Massey's expression through his instruments (soprano on one track, tenor on all others) is eminently friendly and accessible. Although he's slightly askew in the "Blues" format, his spirited looseness approaches the ease of conversation on Cal's "Lady Charlotte." The saxophonist's affection for his horns inspires him to explore their less familiar aspects, as in his echoing harmonics, overblowing, and unorthodox tonguing of the reed on Shahid's experimental "Myras' Maya." He's flexible in intonation without losing his identity, blowing airiness and serene vibrato into "Quiet Dawn" and a rib-tickling holy growl on Taninaka's gospelly "The Sun of Son."
Massey's colleagues get chances to shine both as players and as writers in their original contributions: Shahid's solo on "Myras' Maya," for instance, which shows an openness and restraint unusual in a drummer, even as he effectively deconstructs his trap set. The supportive interaction of the ensemble suggests it's together for something more than just fame and fortune, though those wouldn't be inappropriate rewards for this kind of original entertainment.
-- Jeff Kaliss
It's a tribute to the durable originality of PJ Harvey that a trio of Swedes could ape her shamelessly and still cut a pretty fine record of their own. Salt's debut, Auscultate (the king's English for "listen"), is the product of a band born fully formed in the image of the 50 Ft. Queenie herself, the former Polly Jean Harvey.
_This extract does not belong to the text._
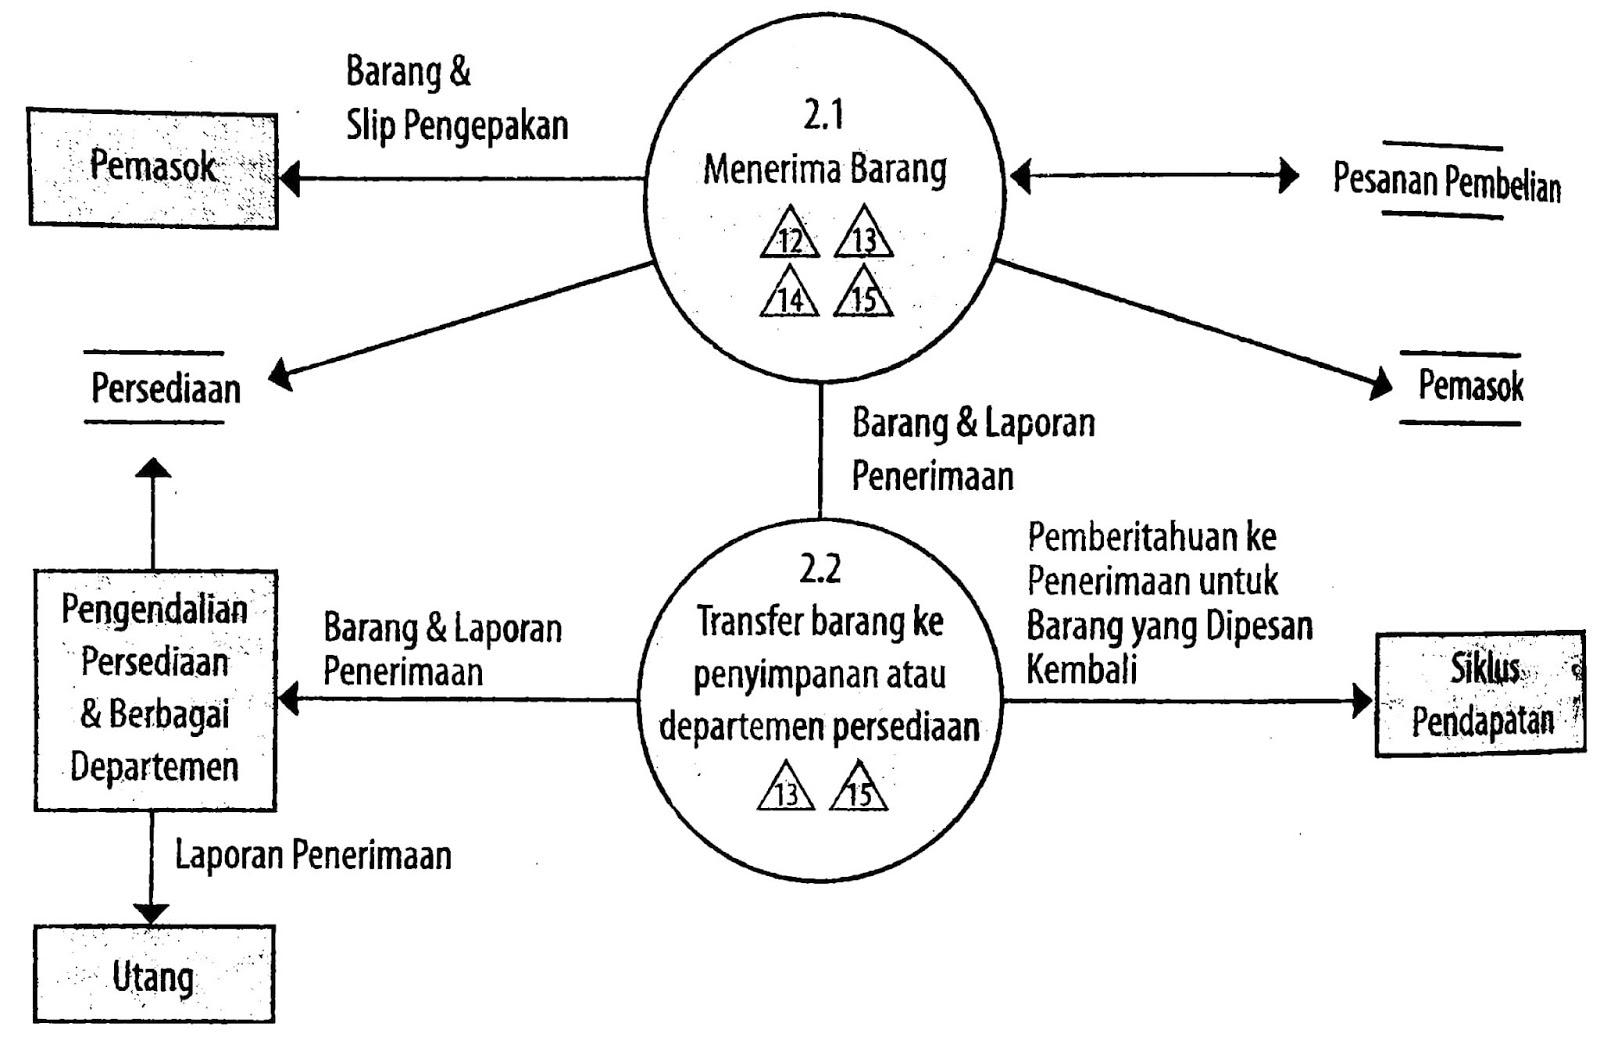 Sistem Informasi Akuntansi: Bab 13: Siklus Pengeluaran

Salt is more likely to become a radio staple, though, than its bony patron saint; Salt mostly steers clear of the drastic volume fluctuations that preclude PJ Harvey's own records from earning more airplay. Singer/guitarist Nina Ramsby sings athletically, like PJ Harvey, without shredding her own melodies, and her backers, the rhythmic tandem of drummer Jim Tegman and bassist Daniel Ewerman, are every bit as wiry and explosive as were Rob Ellis and Steve Vaughan of PJ Harvey's original band.
Parroting Polly Jean, Ramsby's lyrics trod a scorched-earth battleground -- that of Woman vs. Manliness. Her verses (like PJ Harvey's) often consist of a single violent image ("Punish me as a boy, I would not," for example), repeated four times for emphasis. Her choppy English works best on "Witty," which sounds like "witchy" -- an apt description of her sinister guitar riffs, which are of a piece with PJ Harvey's. "Obsession" roars with the same hyper-melodic intensity as Harvey's "Sheela-Na-Gig," and like PJ Harvey, Ramsby has the unusual ability to emasculate her listeners with a single lick of her eyeteeth. On the album-closing "Undressed," she recounts a nocturnal submission: "In this dream," she coos, "I force you to lay me down." She might as well be addressing her inspiration, which, by the way, is the mesmerizing British blues-rocker PJ Harvey.